# Part 4.Analyzing Data from Multiple Files
Adapted from [Programming with Python](http://swcarpentry.github.io/python-novice-inflammation/), [copyright © Software Carpentry](http://swcarpentry.github.io/python-novice-inflammation/license/), under the Creative Commons license [CC BY 4.0](https://creativecommons.org/licenses/by/4.0/).

### Questions
* How can I do the same operations on many different files?

### Objectives
* Use a library function to get a list of filenames that match a wildcard pattern.
* Write a `for` loop to process multiple files.

We now have almost everything we need to process all our data files.
The only thing that's missing is a library with a rather unpleasant name:
```Python
import glob
```

The `glob` library contains a single function, also called `glob`,
that finds files whose names match a pattern.
We provide those patterns as strings:
the character `*` matches zero or more characters,
while `?` matches any one character.
We can use this to get the names of all the HTML files in the current directory:

```Python
from glob import glob

glob('*.ipynb')
```

As these examples show,
`glob.glob`'s result is a list of strings,
which means we can loop over it
to do something with each filename in turn.
In our case,
the "something" we want to do is generate a set of plots for each file in our inflammation dataset.
Let's test it by analyzing the first three files in the list:
```Python
filenames = glob('../data/inflammation*.csv')
filenames = filenames[0:3]
```

In [None]:
for f in filenames:
    print(f)

    data = numpy.loadtxt(fname=f, delimiter=',')

    fig = plt.figure(figsize=(10.0, 3.0))

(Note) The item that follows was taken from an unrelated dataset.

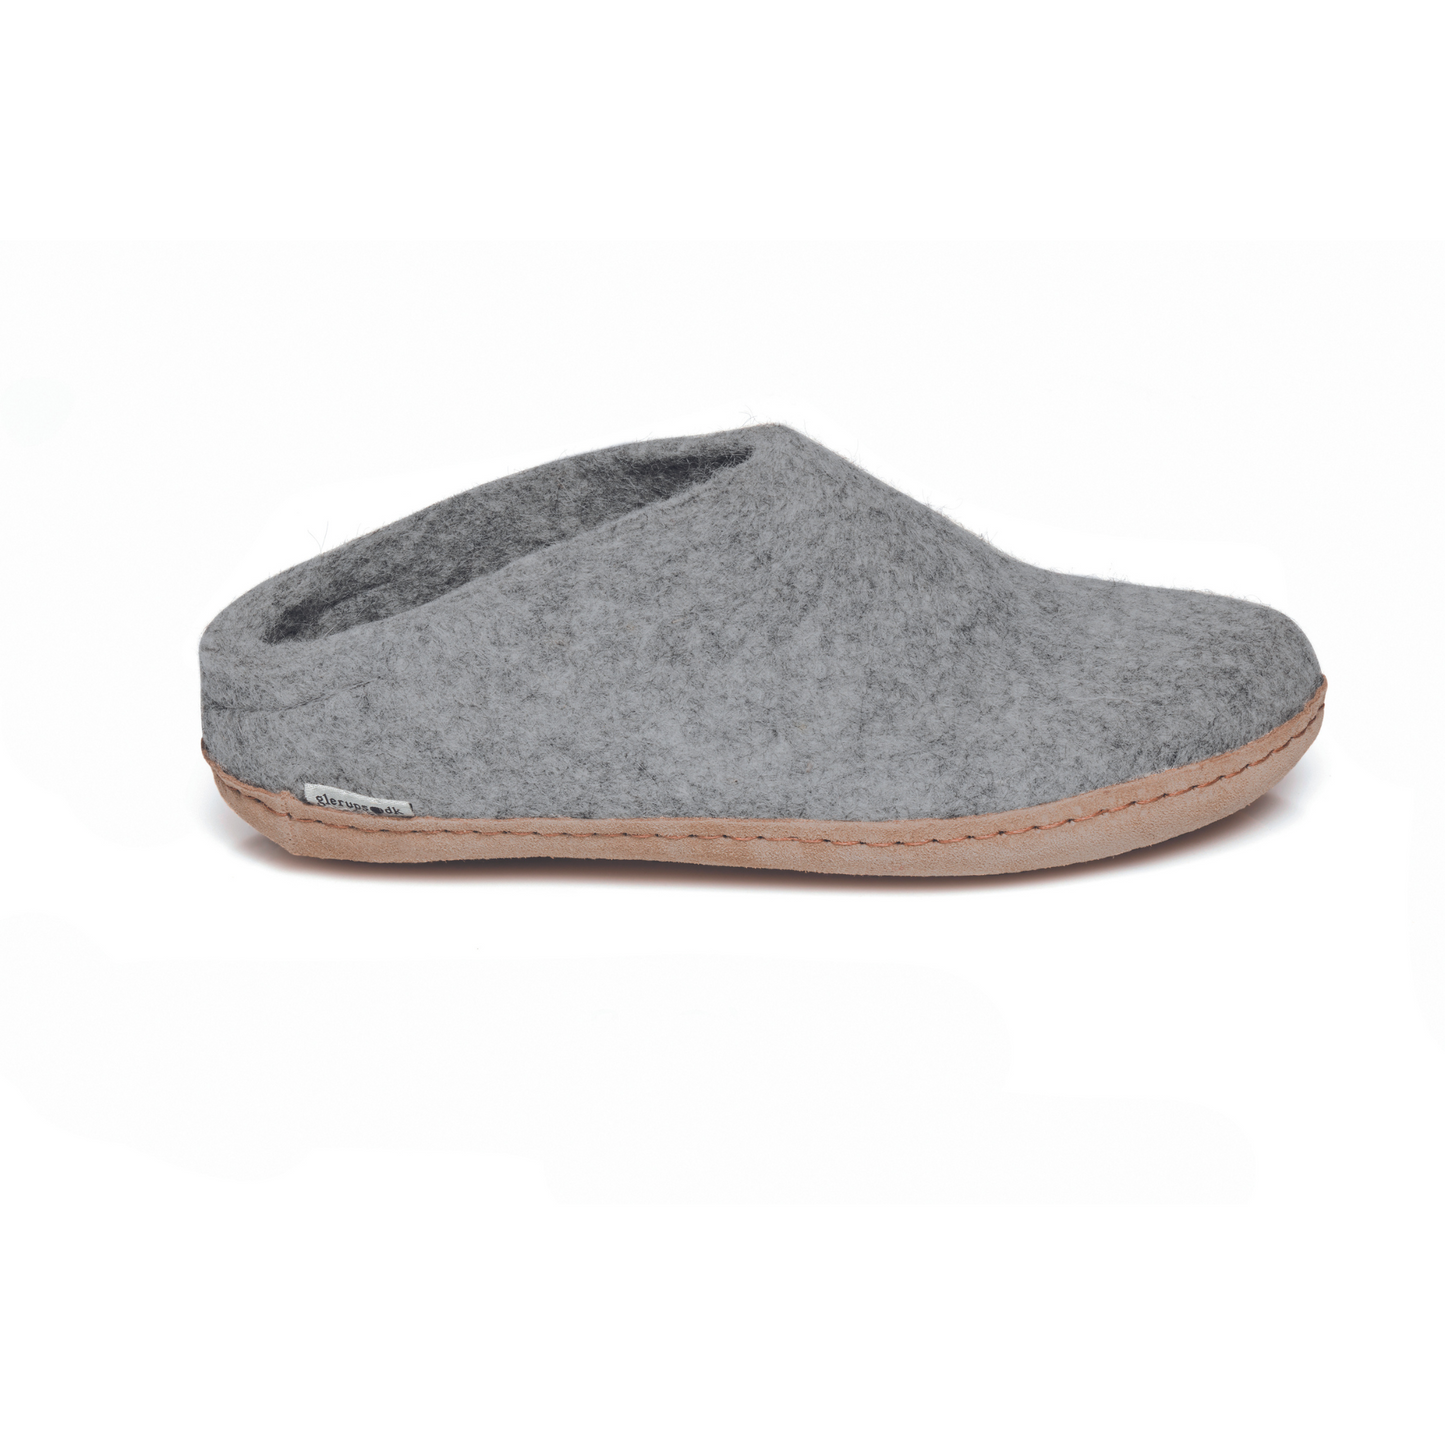 A light grey slipper is pictured in profile, showing the low back of the heel. The bottom lined in tan leather has a small tag with the brand name attached in the seam where the leather meets the felted wool.

    axes1 = fig.add_subplot(1, 3, 1)
    axes2 = fig.add_subplot(1, 3, 2)
    axes3 = fig.add_subplot(1, 3, 3)

    axes1.set_ylabel('average')
    axes1.plot(data.mean(axis=0))

    axes2.set_ylabel('max')
    axes2.plot(data.max(axis=0))

    axes3.set_ylabel('min')
    axes3.plot(data.min(axis=0))

    fig.tight_layout()


Sure enough,
the maxima of the first two data sets show exactly the same ramp as the first,
and their minima show the same staircase structure;
a different situation has been revealed in the third dataset,
where the maxima are a bit less regular, but the minima are consistently zero.

## Exercises

### Plotting Differences

Plot the difference between the average of the first dataset and the average of the second dataset, i.e., the difference between the leftmost plot of the first two figures.

In [None]:
# pseudocode
# import glob, numpy, and matplotlib.pyplot (if you haven't already)

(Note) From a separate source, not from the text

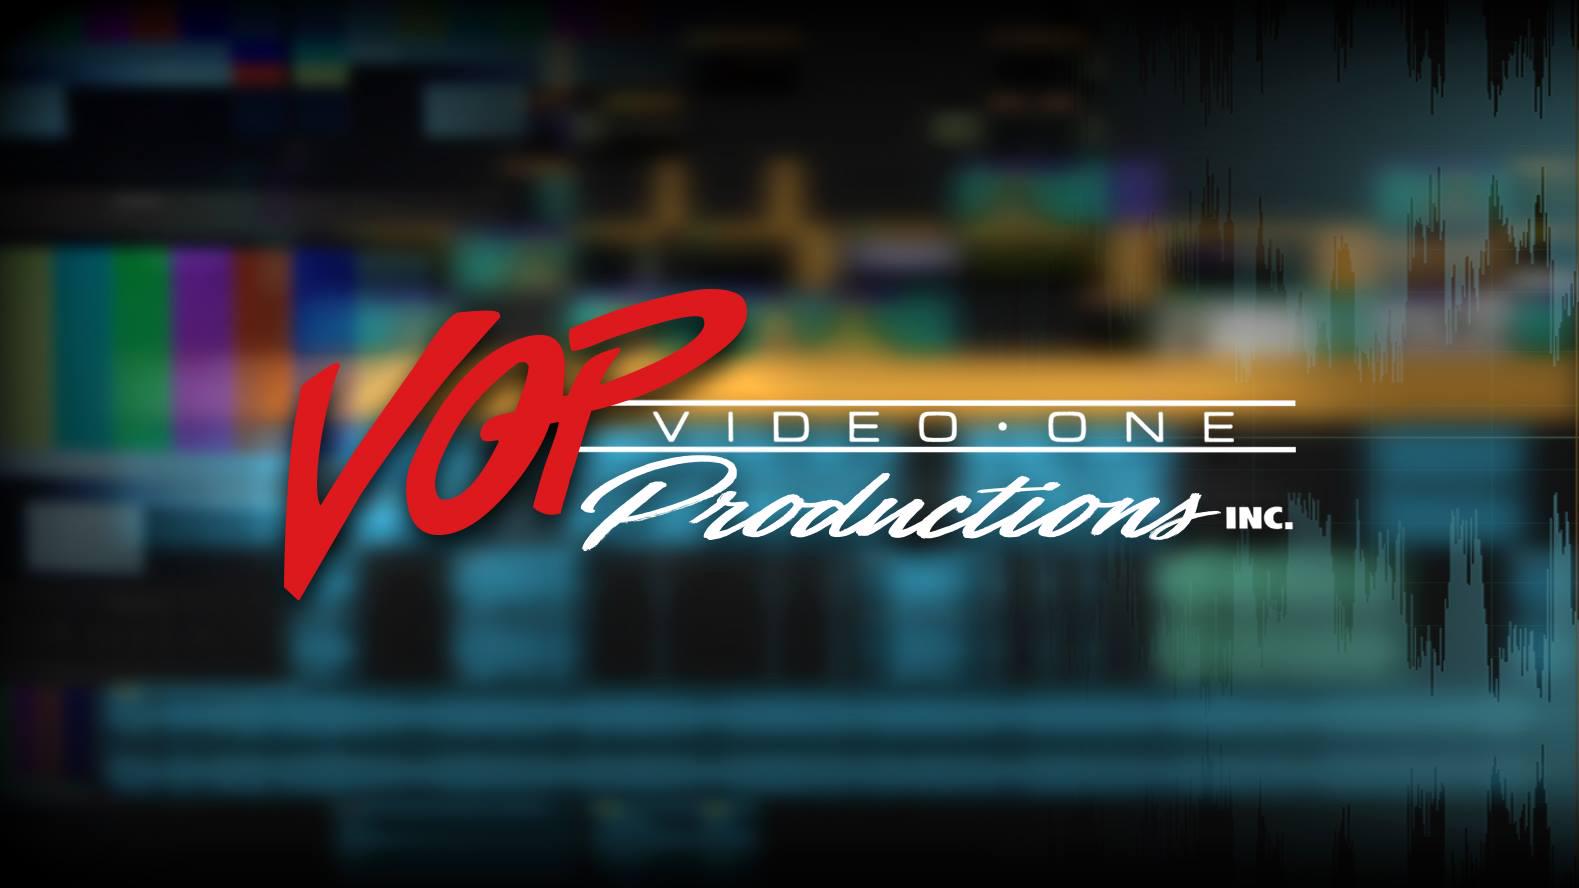 Video One Productions, Inc. profile on Qualified.One

# use glob to get all the csv files from './data/' into a list.
# Each has a filename like 'inflammation1.csv'

# Use numpy.loadtext to load data.
# Assign the data from inflammation1.csv to a variable named 'data0'
# and the data from inflammation2.csv to a variable naemd 'data1'.
# The first argument, fname, should be one filename from your list
# That you means you need to index into the list!
# Remember you also need to tell loadtxt the delimiter, which is a comma.

# I'm giving you the code to make the figure
fig = matplotlib.pyplot.figure(figsize=(10.0, 3.0))

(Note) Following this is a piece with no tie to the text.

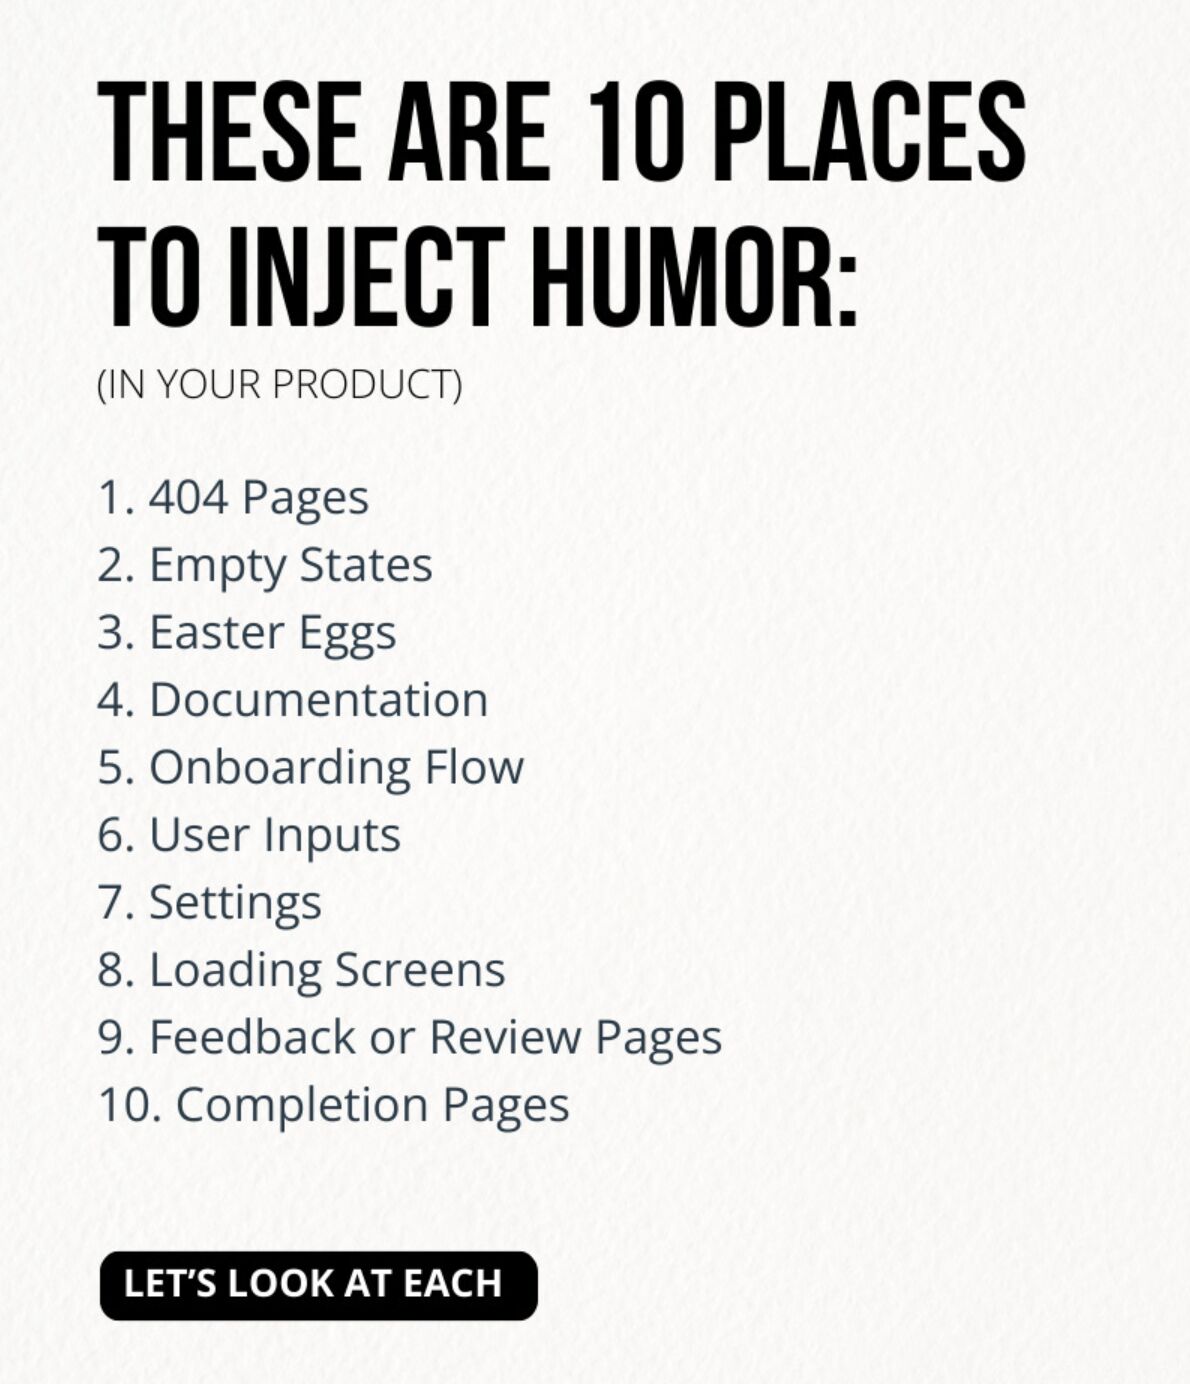 10 places to inject humor (2 minute read)

matplotlib.pyplot.ylabel('Difference in average')
matplotlib.pyplot.plot(data0.mean(axis=0) - data1.mean(axis=0))

fig.tight_layout()
matplotlib.pyplot.show()

### Generate Composite Statistics

Use each of the files once to generate a dataset containing values averaged over all patients.

Then use pyplot to generate average, max, and min for all patients.

In [None]:
filenames = glob.glob('inflammation*.csv')
composite_data = numpy.zeros((60,40))
for f in filenames:
    # load each file's data into a variable named data
    # using loadtxt as we did before

    # now add the array loaded into the variable data
    # to the array composite_data, using the + operator
    # to perform elementwise addition of numpy arrays
    # (will look like array1 = array1 + array2)

# and then divide the composite_data by number of samples
composite_data /= len(filenames)

fig = matplotlib.pyplot.figure(figsize=(10.0, 3.0))

axes1 = fig.add_subplot(1, 3, 1)
axes2 = fig.add_subplot(1, 3, 2)
axes3 = fig.add_subplot(1, 3, 3)

axes1.set_ylabel('average')
axes1.plot(numpy.mean(composite_data, axis=0))

axes2.set_ylabel('max')
axes2.plot(numpy.max(composite_data, axis=0))

axes3.set_ylabel('min')
axes3.plot(numpy.min(composite_data, axis=0))

fig.tight_layout()

matplotlib.pyplot.show()

## Key Points
* Use `glob.glob(pattern)` to create a list of files whose names match a pattern.
* Use `*` in a pattern to match zero or more characters, and `?` to match any single character.